Date: Jul. 14th, 2010 06:58 pm (UTC)
From: [identity profile] lostboy-lj.livejournal.com
That's the thing I don't get - the way that personal opinions get turned into universal statements that everyone in fandom is obligated to agree with.

BECAUSE THIS IS TEH INTERNET AND IT IS SERIOUS BUSINESS!

Well, anyway, you said you wanted discussion and that's what I think is happening here.

Frankly, there isn't much agreement about the show, either. How many people I've run afoul of that think Xander was supposed to be representative of a "racist" I swear I do not know. Hundreds? So, okay, that's how they experienced it. I don't have to think that's valid (I don't) or pretend it's valid for the sake of argument (I don't do that either). To me, opinons like these hold the same amount of water for me as people who don't think we landed on the moon. I just ignore it and keep on keepin' on.

Date: Jul. 14th, 2010 09:14 pm (UTC)
From: [identity profile] 2maggie2.livejournal.com
The batman post was definitely a response. :) If we're going to do it all above the line, as it were, I figured I should have my views represented above the line. Also, batman! I really do love Adam West's batman!

I get your rant -- fandom is frustrating. My adamence on this has to do with the specific form of the argument, which I regard as unfair. See Gabs reply to my batman post for another articulation of the same thing. It is not meant to be an adamence that people can't dislike season 8. I don't claim objectivity for my general reaction to the comics. Heck, I'm not even sure what my reaction will end up being -- I'm very far from saying "it's great" as is. I just think this one particular form of argument is unfair. It's all been blown up way out of proportion to the original sentiment, however --though as consolation, it generated a nice back and forth between me and flake sake on my thread, and I've learned some stuff from her and others.

Date: Jul. 13th, 2010 11:53 pm (UTC)
From: [identity profile] mikeda.livejournal.com
See I disagree with the basic premise of the criticism. I think S8 IS Buffy , in tone, in characterization, in everything that matters to me. What the characters are dealing with, and how they are reacting flows from the previous seasons as naturally as any of the previous seasons flowed from what came even earlier.

(The Retreat/Twilight arc in particular is much like Spiral/The Weight of the World writ large. Except that Buffy doesn't need Willow's help this time to leave her refuge.)

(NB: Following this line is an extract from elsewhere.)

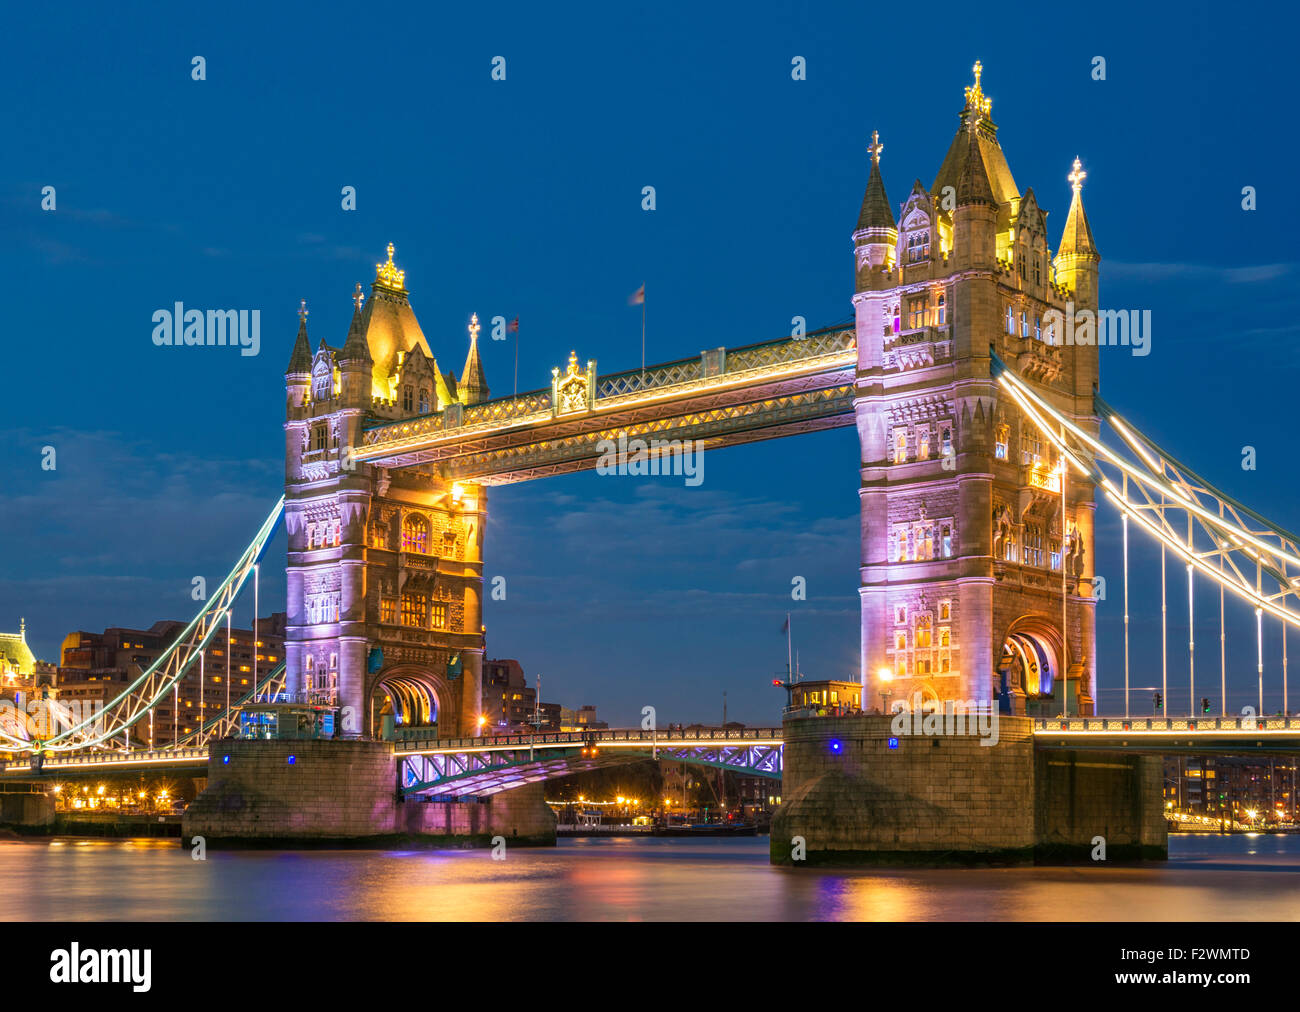 Illuminated lit up Tower Bridge at night and River Thames City of London England GB UK EU Europe Stock Photo

Date: Jul. 14th, 2010 02:22 am (UTC)
From: [identity profile] lostboy-lj.livejournal.com
Well, weirdly, it seems like I've read more Promethea then anyone else here arguing about it. I got an inside man (well, woman) at DC comics who hands me arseloads of comics to read every time I see her, because she has this screwy idea that I could write them. She seems to think I can write some good "Wonder Woman." Go figure...

Anyway, Promethea didn't impress me. It seemed high-hatted and cloying in its politics, and I just couldn't get that smelly, stinky awkward fix of humanity that I want in a story. I'm not a huge fan of Season 8, but comparing it unfavorably to Promeathea seems like comparing rotten apples to rotten oranges. My $0.02.

Date: Jul. 14th, 2010 04:23 am (UTC)
rahirah: (Default)
From: [personal profile] rahirah
I think B&R fails not because it's trying to tell a comic story about a serious subject - comic superheroes in general and Batman in particular are ripe for parody. B&R's problem is not that it's comedy, but that it's just not that funny.